Here, what we want to do is simply find the features that look similar between two images. We can simply take the pairwise ssd loss for each pair of features between image1 and image2 since all features are of the same size. We can then say that for feature[i] in image1, the lowest ssd scoring feature[j] in image2 is the match. We will also track the second smallest score too. The reason for this, is that our reported score for the match of feature[i] in image1 and feature[j] in image2 won't be the best score, but the ratio of the best score to the second best score. This is Lowe's trick and it gives better separation of true matches and false matches. This is because we know that between the first two best scoring matches, one of them has to be false, and both of them can be false matches too. Despite the fact that different ssd losses for different pairs may be in different scales altogether given the severity of the homography and the size of the features themselves, if the first best and second best score similar, they're probably both wrong since one of them is for certain incorrect, and we can't discern between one that is definitively false and another that is possibly, but not certainly false.

We return the scores and matches for lowe's trick for every feature in image1. This doesn't take care of the issue of one feature in image2 matching to multiple features in image1, but when we compute the homography, so long as our error tolerance is low, any homography that tries to map multiple features in image1 to the same feature in image2 will fail and won't be selected as the best homography.

Here is the feature we just saw from the base of a column. This shouldn't have a match as you can see that all the bases of the columns in image1 are outside the overlap area, thus don't have any feature in image2, but it is still worth seeing how close the matches are, even for false matches. For reference, the lowe score for this feature was .805, well above the suggested values of from .25 to .5 (looking at the graphs in the paper's figure 7). drawing

Here is its best feature match. You can see that this is pretty good. Clearly the feature matching is working. drawing

Here is the next best thing after our top match. drawing

You can see that we are starting to get worse matches.

Here is another feature that didn't even get close to matching. drawing

Clearly the system is working.

Now we will look at a real match that is a feature shared between image1 and image2. It corresponds to one of the windows in physics building 1 right above the window into main stacks.

Here is the original image patch. The shadow just under the roof ledge is visible in the top half of the original image patch. drawing

Here are the two matched features. drawing drawing

They are almost identical.

RANSAC

This is the meat of this project. Here, we are going to try and find a set of 4 feature pairs whose homography correctly maps (within a small error range epsilon) a bunch of other pairs as well that weren't used to compute the homography.
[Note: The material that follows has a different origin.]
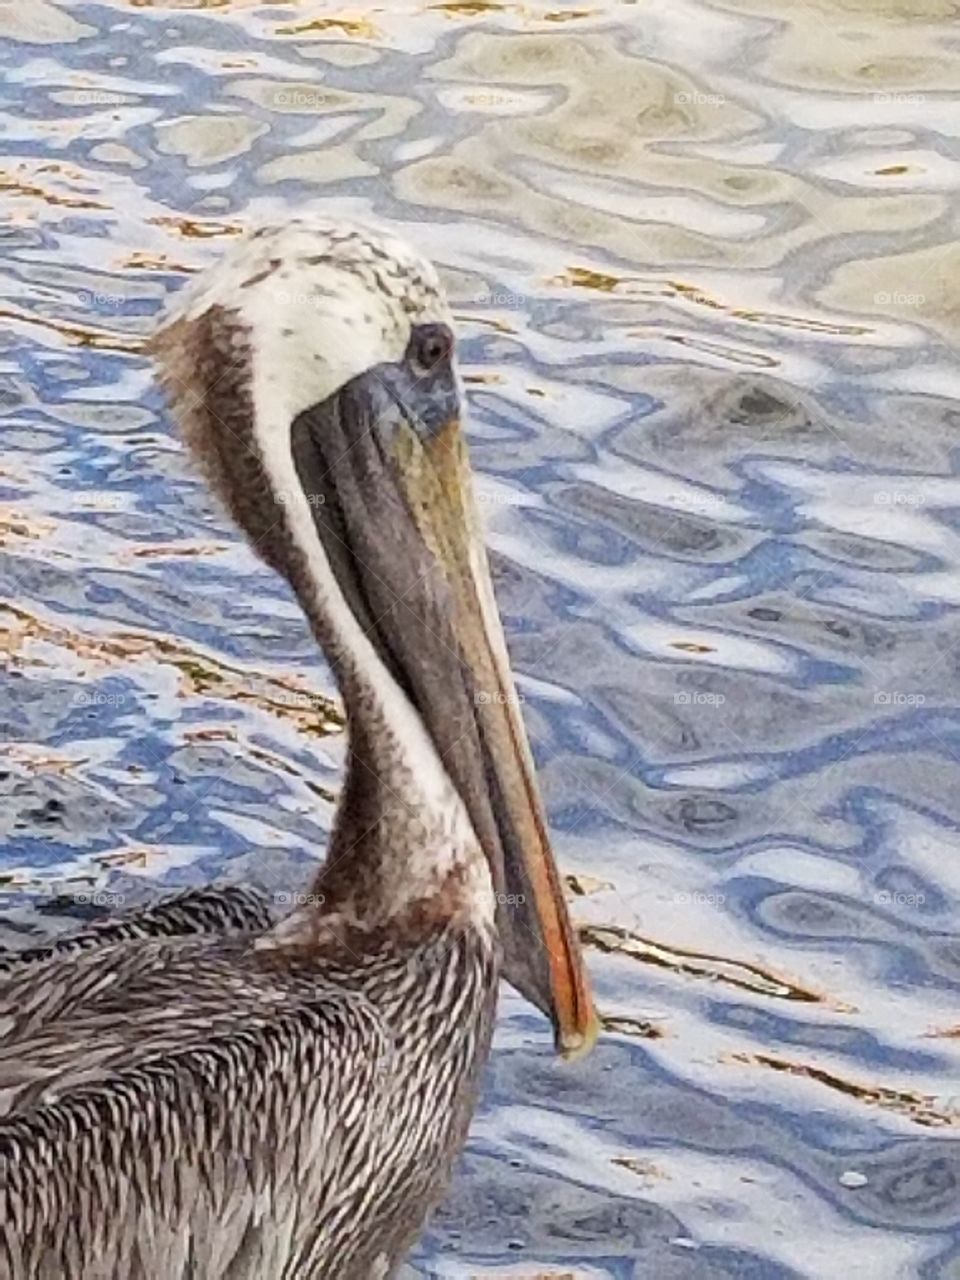 Pelican, St. Petersburg, Florida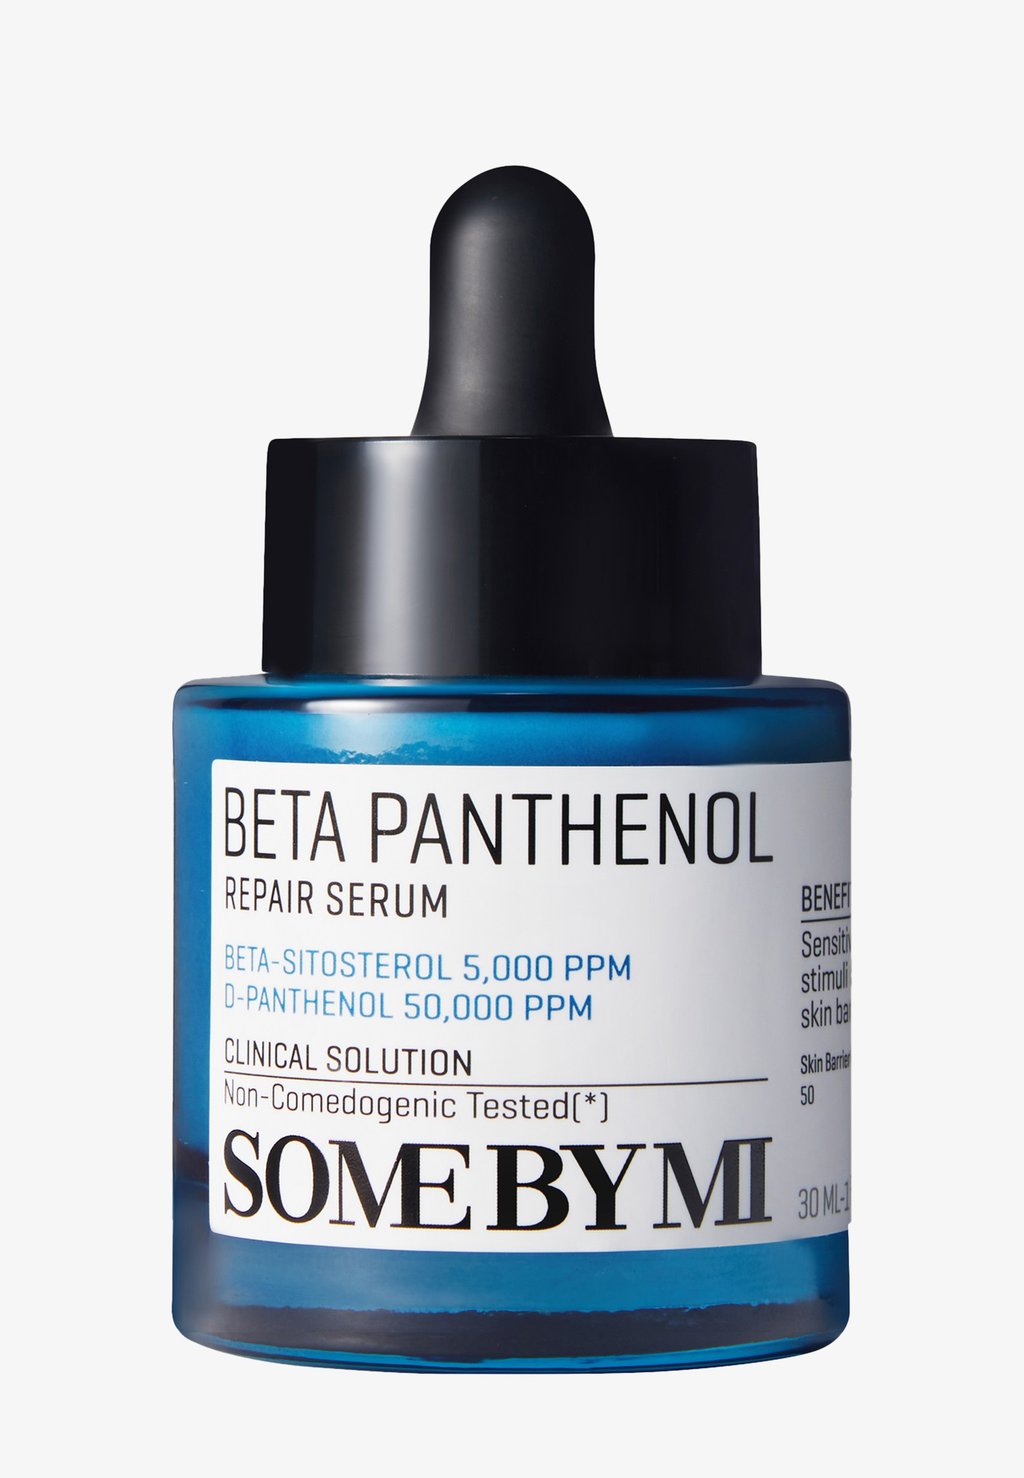 some by mi beta panthenol repair serum 30ml Сыворотка Beta Panthenol Repair Serum SOME BY MI

We take the set of all feature pairs that have a score lower than a threshold we set beforehand, and randomly choose 4 pairs, create a homography, and see how many other pairs agree with that homography. At the end, we take the largest agreeing set of points, and use those all to compute our final returned homography.

This was really difficult for me as small errors in any of the previous steps could be compunded here and would cause the returned homography to be bad. For example, if when computing the harris corners, we don't do any local nonmax suppression first before running the adaptive non-max suppression, we may get a few points that are one pixel away in image1 (within the error tolerance for RANSAC) and map to the same feature in image2. This is an issue because any homography (no matter how bad) that correctly maps one of those images will get agreement from its neighbors, skewing our metric unfairly, making it seem like there is much more agreement than there actually is for that homography. This was the primary reason for my homographies collapsing and forming unstable singularities where almost everything maps to a single point.

Here we can see that a homography that isn't trivial: lots of grass and repeated edges gets computed nicely. Running multiple trials showed that this is robust, holding up over many tries with very very low rates of failure, never failing so long as I kept running until getting a set of agreeing points of size at least 8.

This is the homography that we started computing by hand. Here it is generated automatically.

drawing drawing drawing

Here we can see some of the mosaics computed by RANSAC. If you look at the mosaic computed in part a), due to some issues with matplotlib's ginput not putting points in exactly the place of the tip of my cursor, we saw a lot of ghosting and artifacts from overlapping regions in the mosaic.... not here! Here, the homographies are very nice. Occasionally, I have observed some issues when we get unlucky and the set of agreeing points tend to lie fairly close to each other, giving a small patch in the overlapping area that looks very clean, but has ghosting towards the outer parts of the overlap where the pairs weren't located.

I will admit that the second auto generated image wasn't fantastic. There was some decent ghosting, but no tuning was done to get it, so I'll still take it. I also think that part of the issue was the presence of the hedge at the bottom. I think that the hedge created an issue due to that any homography... even a bad one... could get a sizeable group of inliers just from one coordinate on the hedge to another coordinate on the hedge.

drawing drawing drawing

The third image (depite how it looks) actually isn't doing a bad job. If you look, you will see that all the major objects (the desk, the light strip where it is in both images, the books, the monitor, etc) are all alligned pretty well. The problem is that in the upper region of the image, there isn't much in terms of edges to grab onto. The largest inliers group will correspond to the transformation that best transforms the regions with the most data.

Below is a slightly better result at lower res.

drawing

Here you can seee the unevenness in the distribution of keypoints. This isn't a fault of ANMS, but a fault of my white walls without edges, and the fact that we can't have edges near the border of the image, which might have allowed us to grab more from the lights at the top.

drawing